Items listed in a dataset
::::

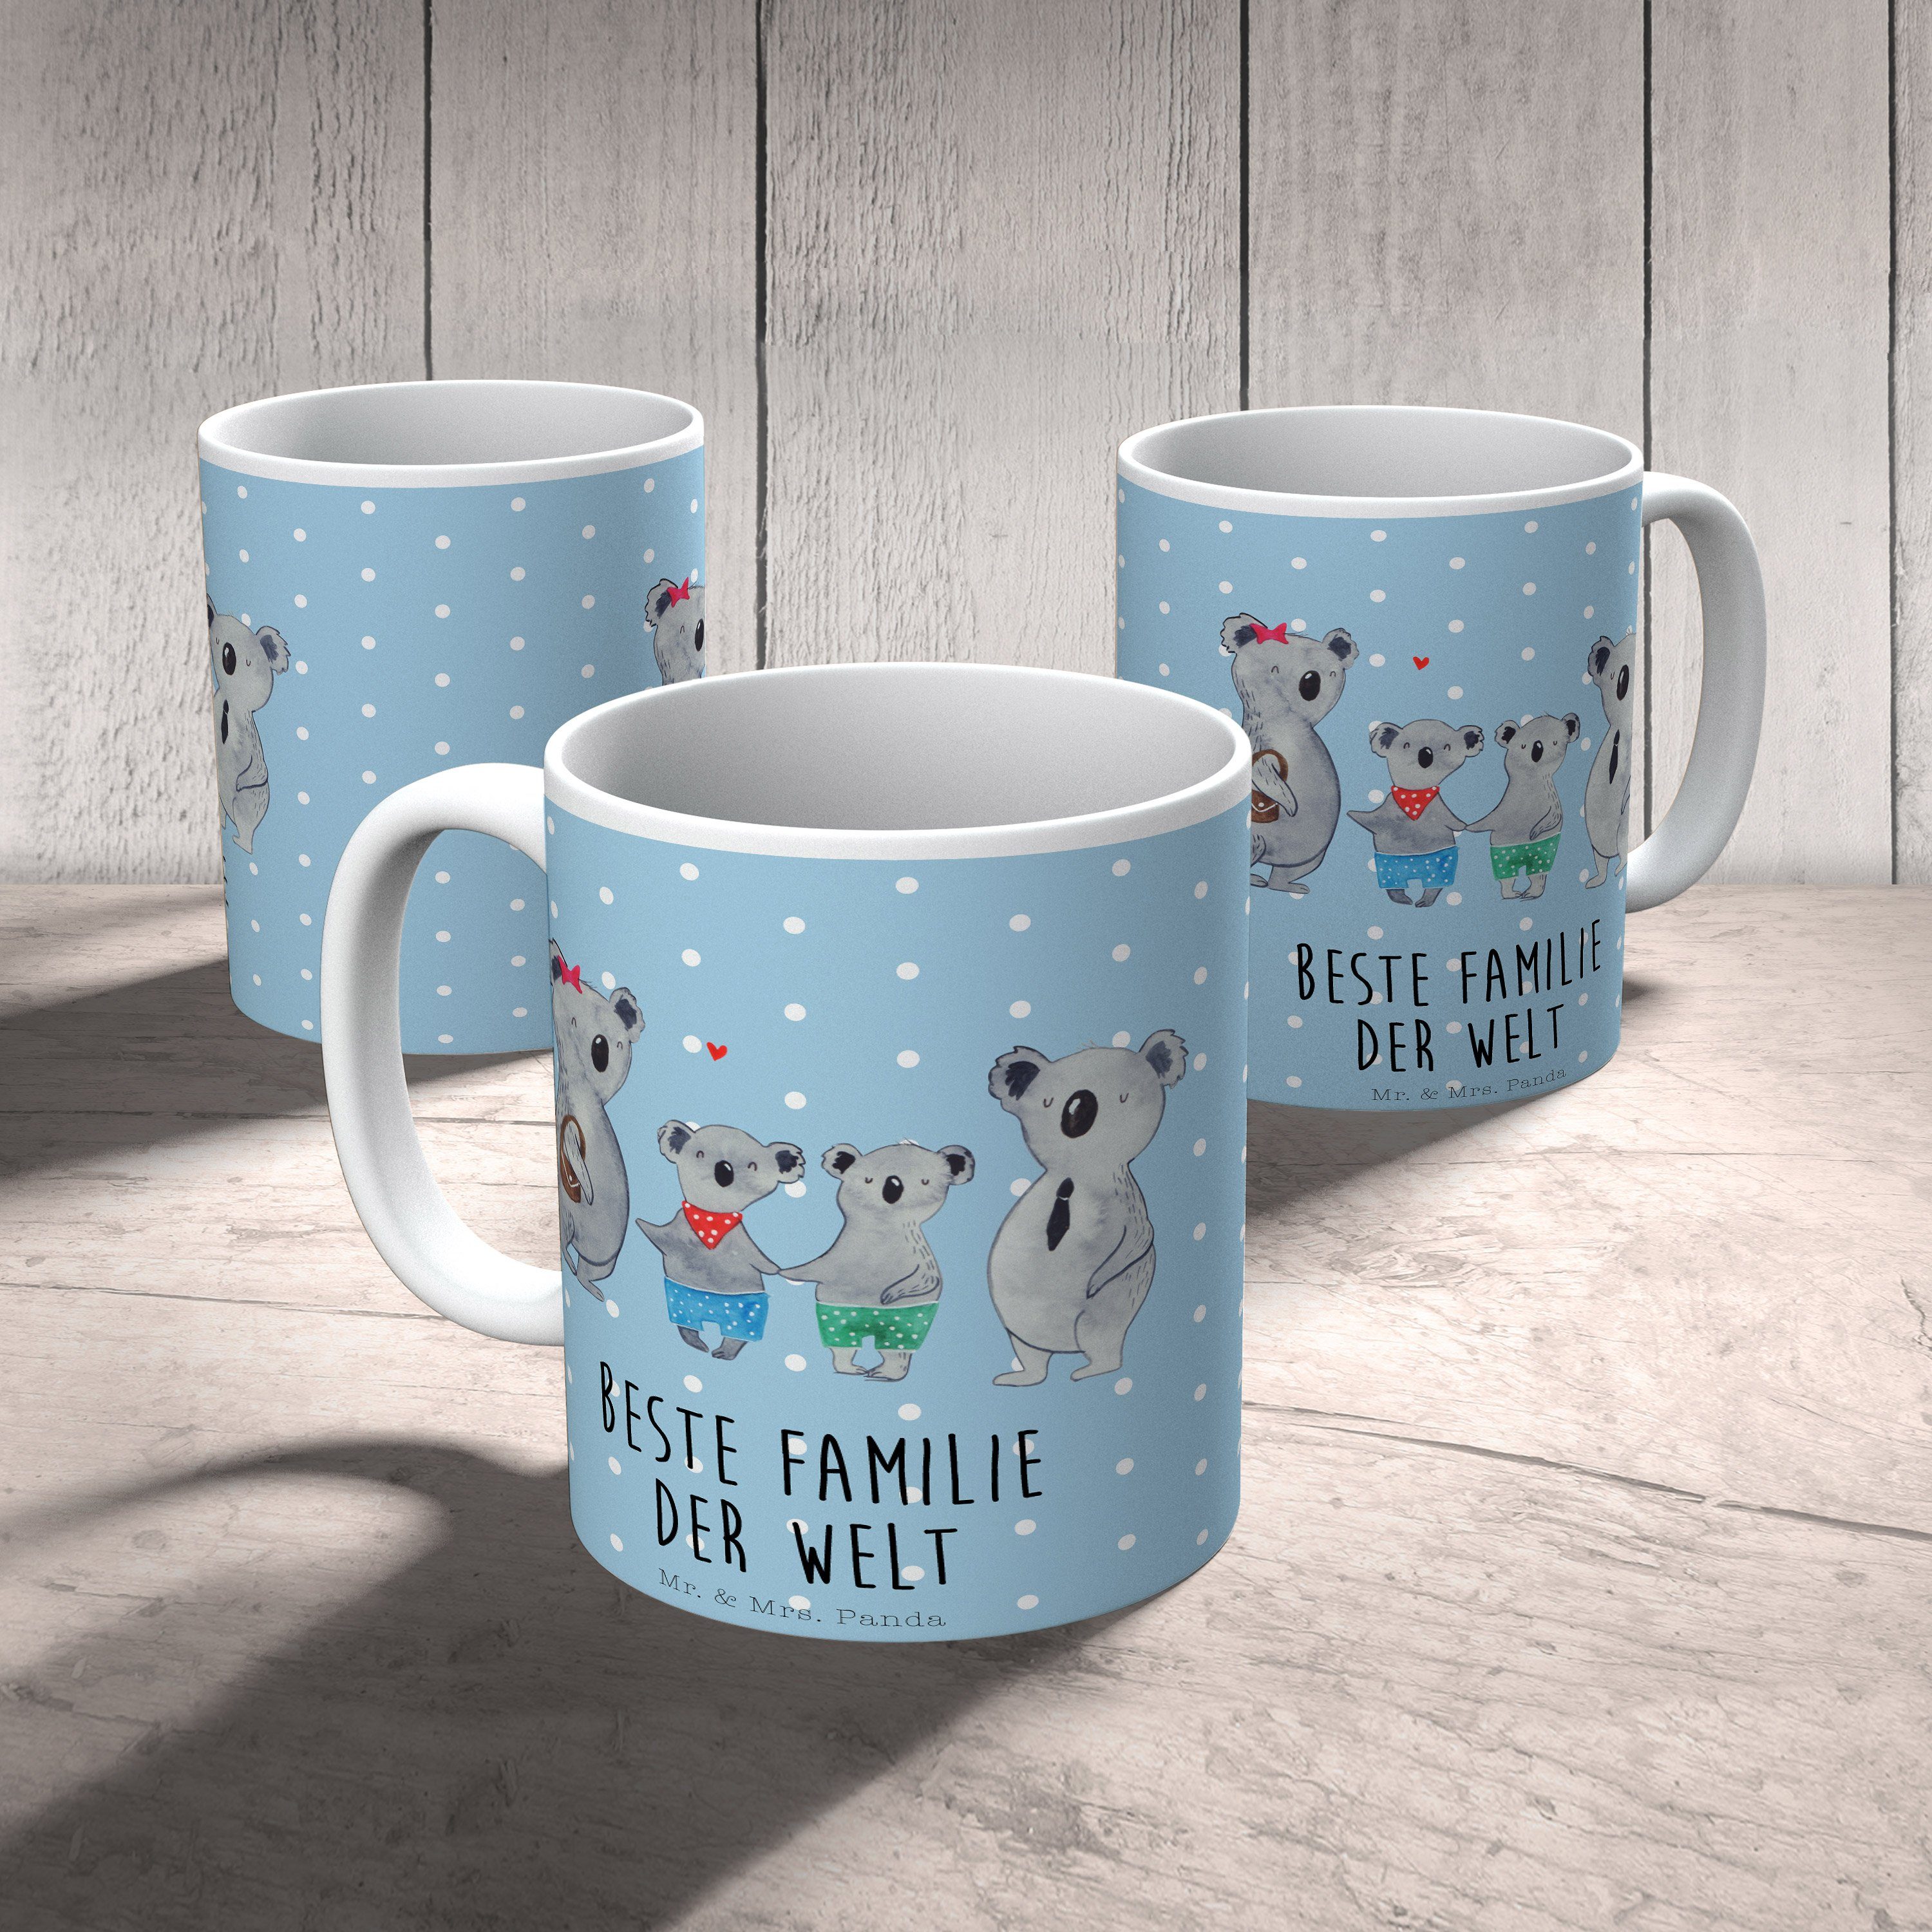 Mr. & Mrs. Panda Tasse Keramik Koala Blau Koalabär, - - Familie Pastell Kaffeetasse, Geschenk, zwei
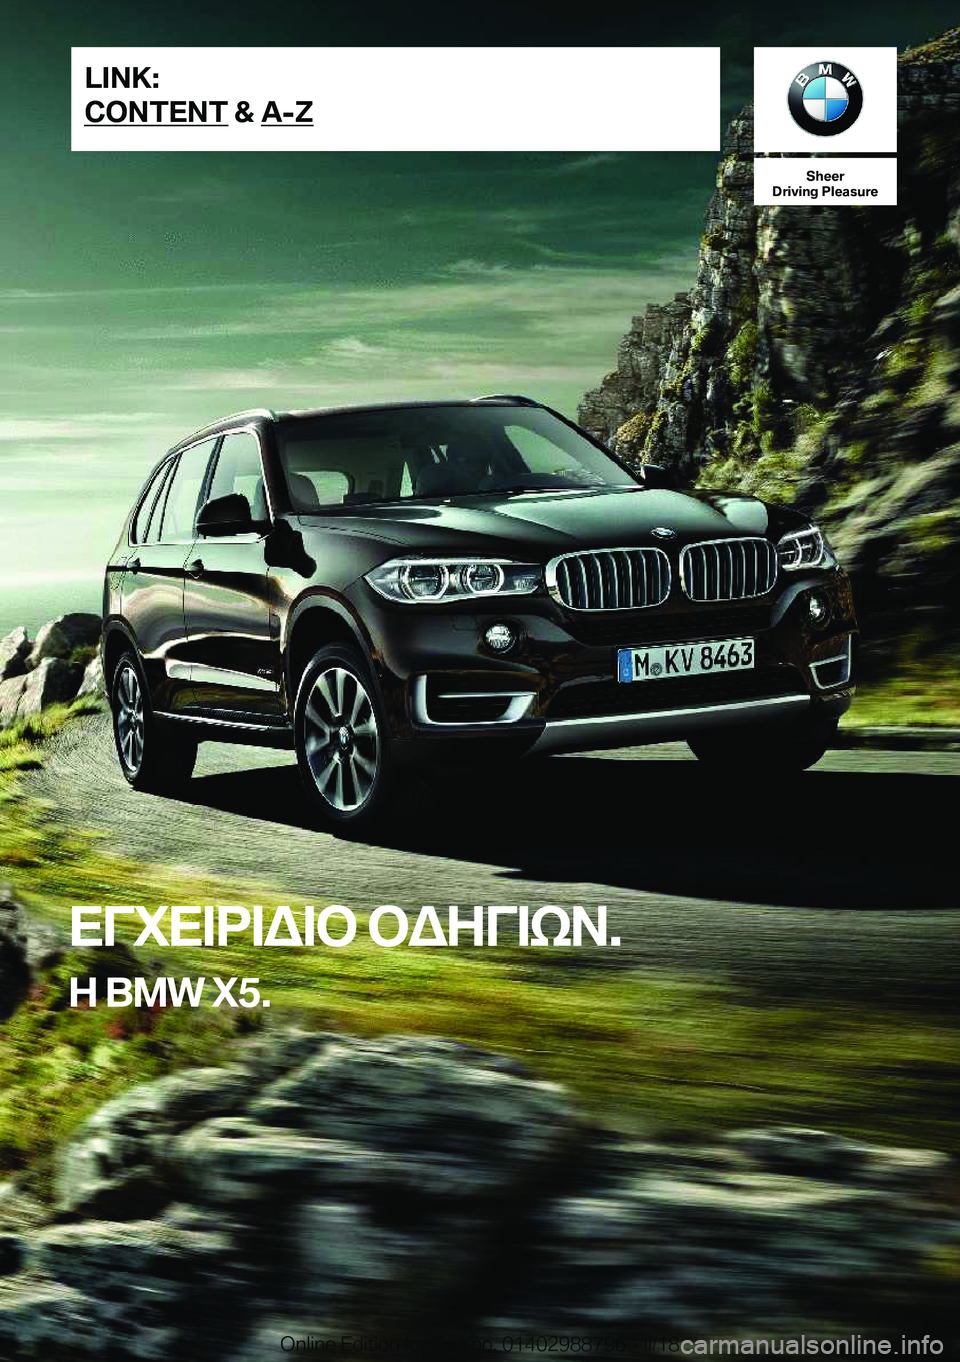 BMW X5 2018  ΟΔΗΓΌΣ ΧΡΉΣΗΣ (in Greek) �S�h�e�e�r
�D�r�i�v�i�n�g��P�l�e�a�s�u�r�e
XViX=d=W=b�bWZV=kA�.
Z��B�M�W��X�5�.�L�I�N�K�:
�C�O�N�T�E�N�T��&��A�-�Z�O�n�l�i�n�e� �E�d�i�t�i�o�n� �f�o�r� �P�a�r�t� �n�o�.� �0�1�4

::::

Task item: The records are to be retyped in full and exactly, with no image carried over.

Task answer:
 Mr. & Mrs. Panda Tasse Keramik Koala Blau Koalabär, - - Familie Pastell Kaffeetasse, Geschenk, zwei
 BMW X5 2018  ΟΔΗΓΌΣ ΧΡΉΣΗΣ (in Greek) �S�h�e�e�r
�D�r�i�v�i�n�g��P�l�e�a�s�u�r�e
XViX=d=W=b�bWZV=kA�.
Z��B�M�W��X�5�.�L�I�N�K�:
�C�O�N�T�E�N�T��&��A�-�Z�O�n�l�i�n�e� �E�d�i�t�i�o�n� �f�o�r� �P�a�r�t� �n�o�.� �0�1�4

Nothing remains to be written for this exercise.